屋中死寂一样的沉默,沈凌垂眸安静望着徐青兰,良久,她问道:“王妃这是何意?”
他们到济安两日,沈凌至今还未见过陈允意,只记得昨日刚来时,陈淮两次提及想去看望陈允意之事,也是从徐青兰对此的态度中,她察觉出了些许不对。
如今,徐青兰突然上门跪求她救陈允意,这又是闹得哪一出?
陈允意好歹是明王独子,如今本该安然待在府上,整个明王府都是他的护卫,何须她救?
除非……这个要对陈允意下手的人,徐青兰惹不起,或者说是明王府惹不起。
如今在这明州中符合条件的,唯有一人。
沈凌压下心底波澜,装傻充愣道:“小世子是王爷独子,在府中养得好好的,为何需要人救,又为何偏偏是我?”

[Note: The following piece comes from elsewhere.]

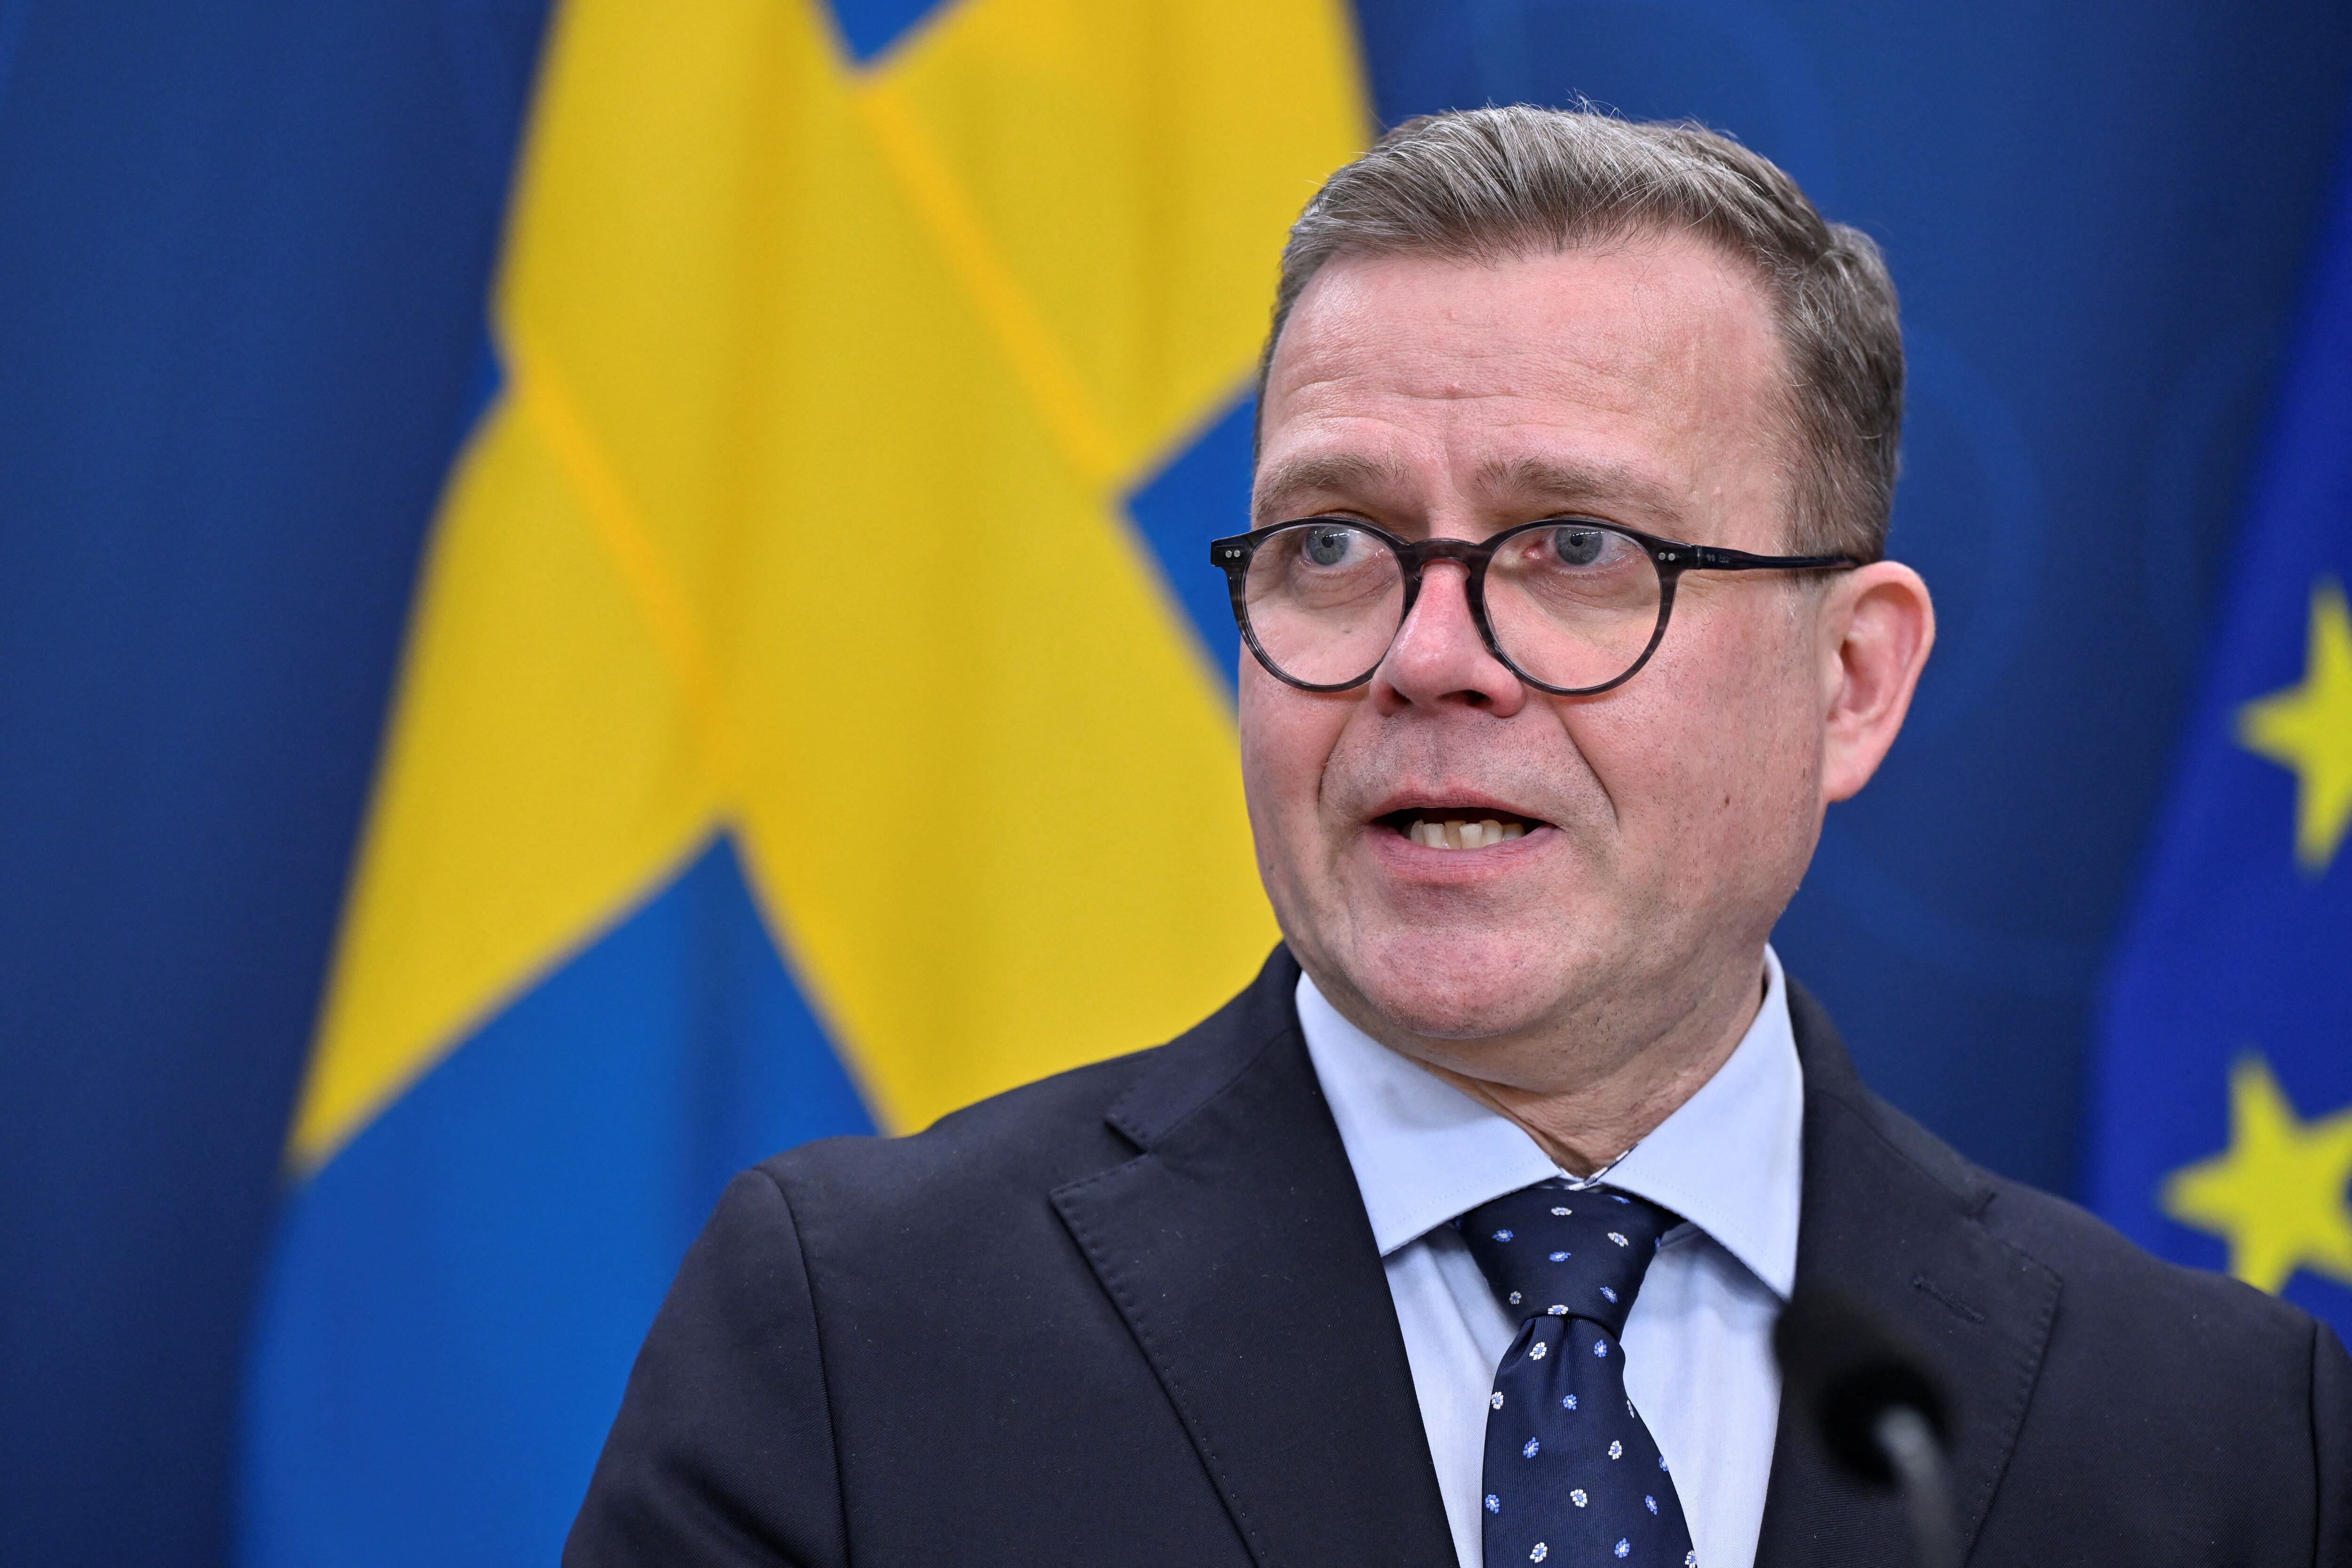 El primer ministro sueco, Ulf Kristersson, dijo que la decisión del Parlamento turco es “un paso más hacia la plena integración en la OTAN” (TT News Agency/Henrik Montgomery via REUTERS)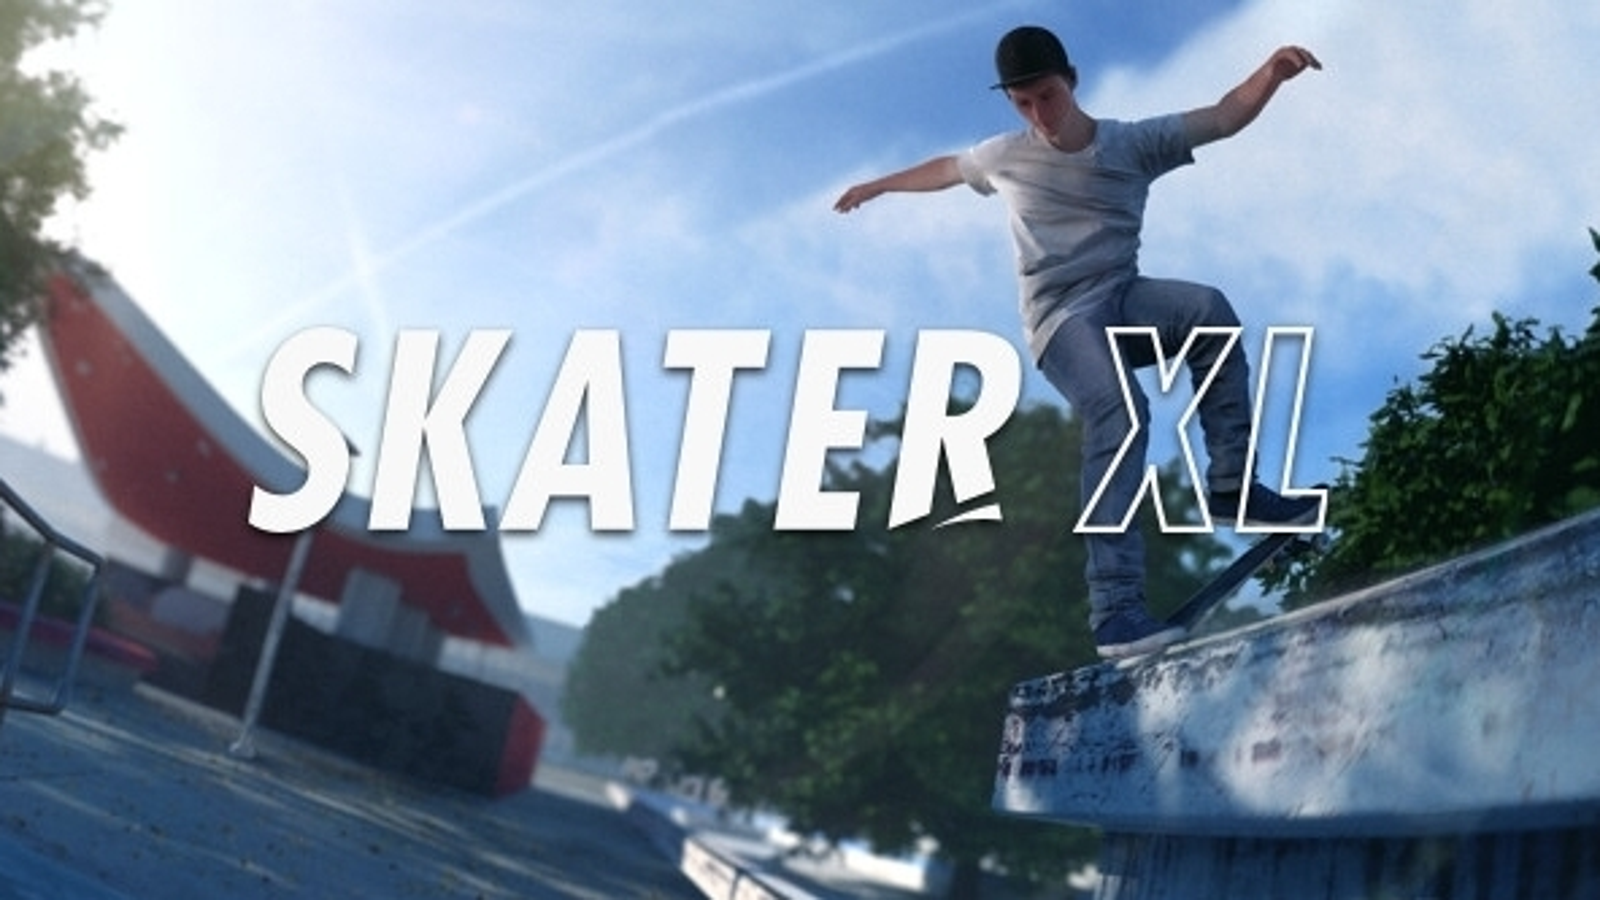 Jogos de skate de xbox 360

“我虽不认识修仪,却也知道修仪能走到如今这个位子,断不是蠢笨之人,我这般说,难道修仪猜不出我的意思?”徐青兰眼眶发红,一字一句道:“你姓沈,你爹手握北境兵权,你背后是整个卫国公府,他不敢和你撕破脸,你一定能救允意。”
“而且,我看得出,你和平南王世子关系不一般。平南王手握西南兵权,他未来也会是平南王,西南和北境是大周最重要的两处要塞,他若想坐稳皇帝之位,便不敢——”
“王妃。”沈凌厉声打断她的话,“慎言。”
“沈修仪,我知道你跟王爷是八竿子都打不着的关系,犯不着为明王府见罪于太子,可……可你们沈家不是忠于陈氏江山吗?允意也姓陈,他也是陈氏皇族!”徐青兰哽了一下,颤声道:“我不求别的,王爷对那个位子没兴趣,我也没想过再回万都,我们一家子只想好好活着。”
“如今我是活不成了,可允意还小,沈修仪,我求你救救他,他才十岁啊……”
话音落,徐青兰忽然变了神色,眼中企盼和恳求之外,似是多了一丝威胁之意:“何况,王爷是因为修仪你才殒命,我夫妻二人皆是因为修仪才走到如今地步,修仪难道要对我儿见死不救?”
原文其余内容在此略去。